On the opening up of the economy, his rhetorical question is: "But if
there is no foreign inflow, how will India pay for all the imports to
which its middle classes are addicted?" (page 157). He admits that
globalisation, like any restructuring, will have losers and gainers,
but listen to what follows: "In India's case the losers are those who
have benefited enormously from old structures and who have
contributed to the low performance of the economy. They enjoy
subsidies of various sorts - tariff for big business,
water/electricity/fertilizer subsidies for farmers, guaranteed jobs
for indexed and rising salaries for government employees, comforts of
non-competitive behaviour for bankers, and the corrupt gains from the
business-politics tie-up for the politicians. These forces resist
change." (page 187). Is there any evidence, my Lord, that these have
been the losers by India's globalisation?

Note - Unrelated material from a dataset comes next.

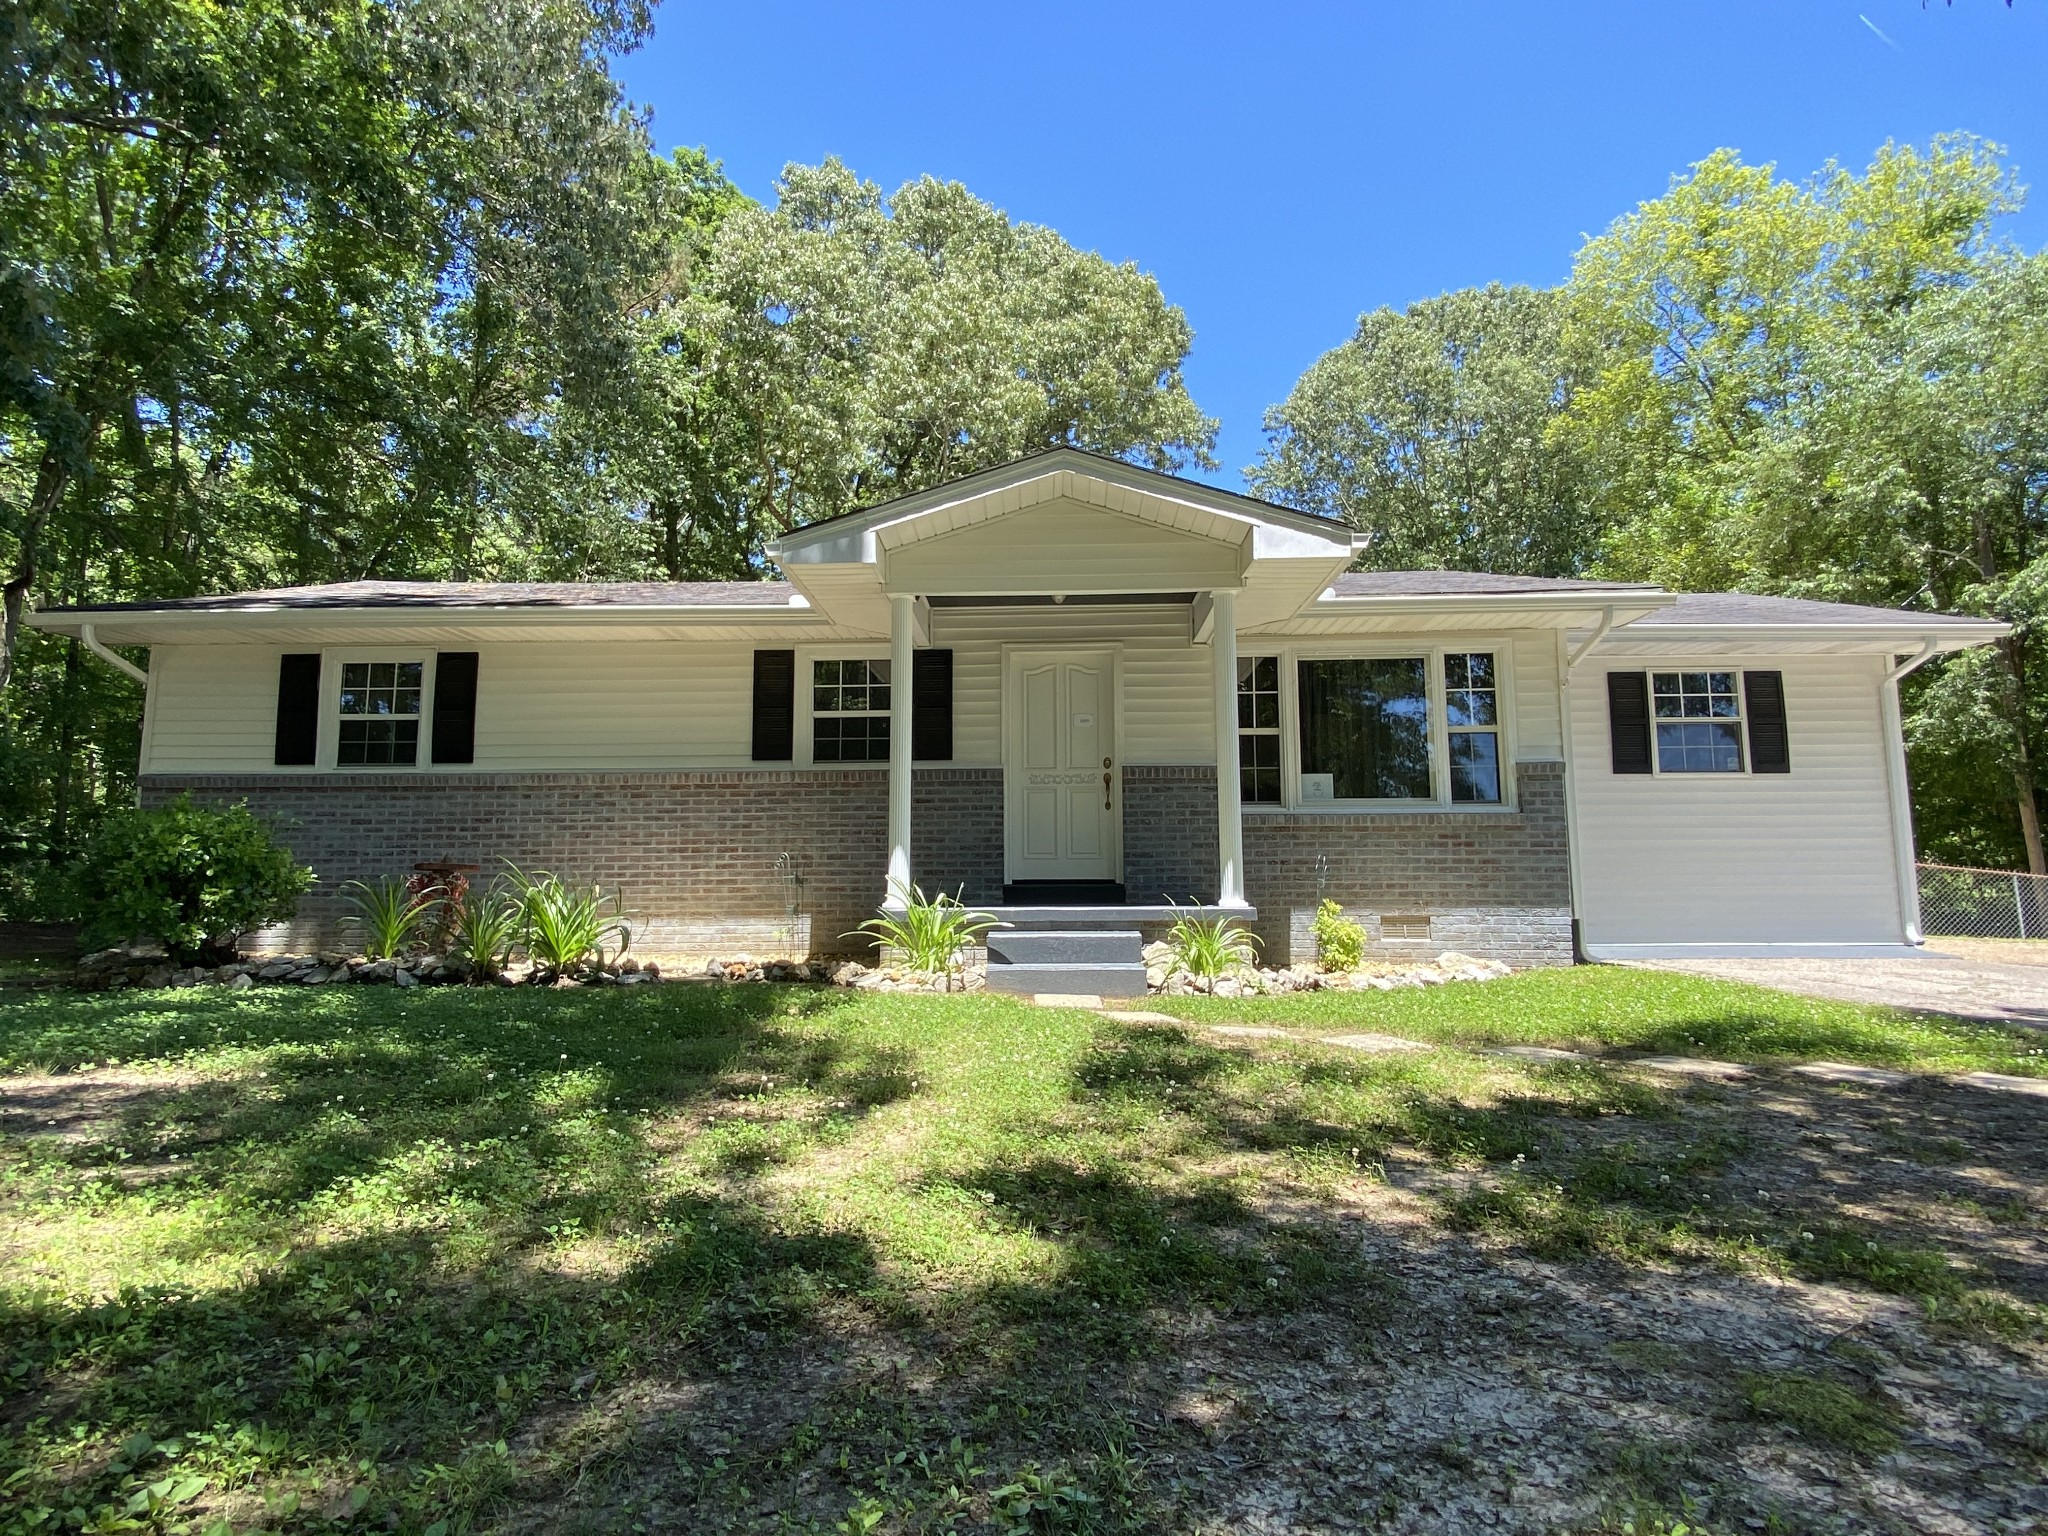 816 Post Oak Rd Property Photo - Camden, TN real estate listing

Desai at one place assures the poor that they do not have anything to
lose because of the market for they have always lived in the market
economy (page 157). But a little later, as already noted, he makes it
clear that globalisation is for capital, finance, and currencies, and
not the markets the poor live by. A major drawback that Desai finds
in the parliamentary system is that if a political party has a
comfortable majority in Parliament, the Cabinet, a small sub-set of
Parliament, will come to have almost dictatorial powers. And yet he
laments that economic reforms in India have been slow and halting
because in the 1990s and beyond no political party or even a
coalition of parties had that kind of power.

Somewhere along the line, Meghnad Desai talks about those
conservatives who sound radical while being quite comfortable with
the existing system. Need we look elsewhere to find a good example?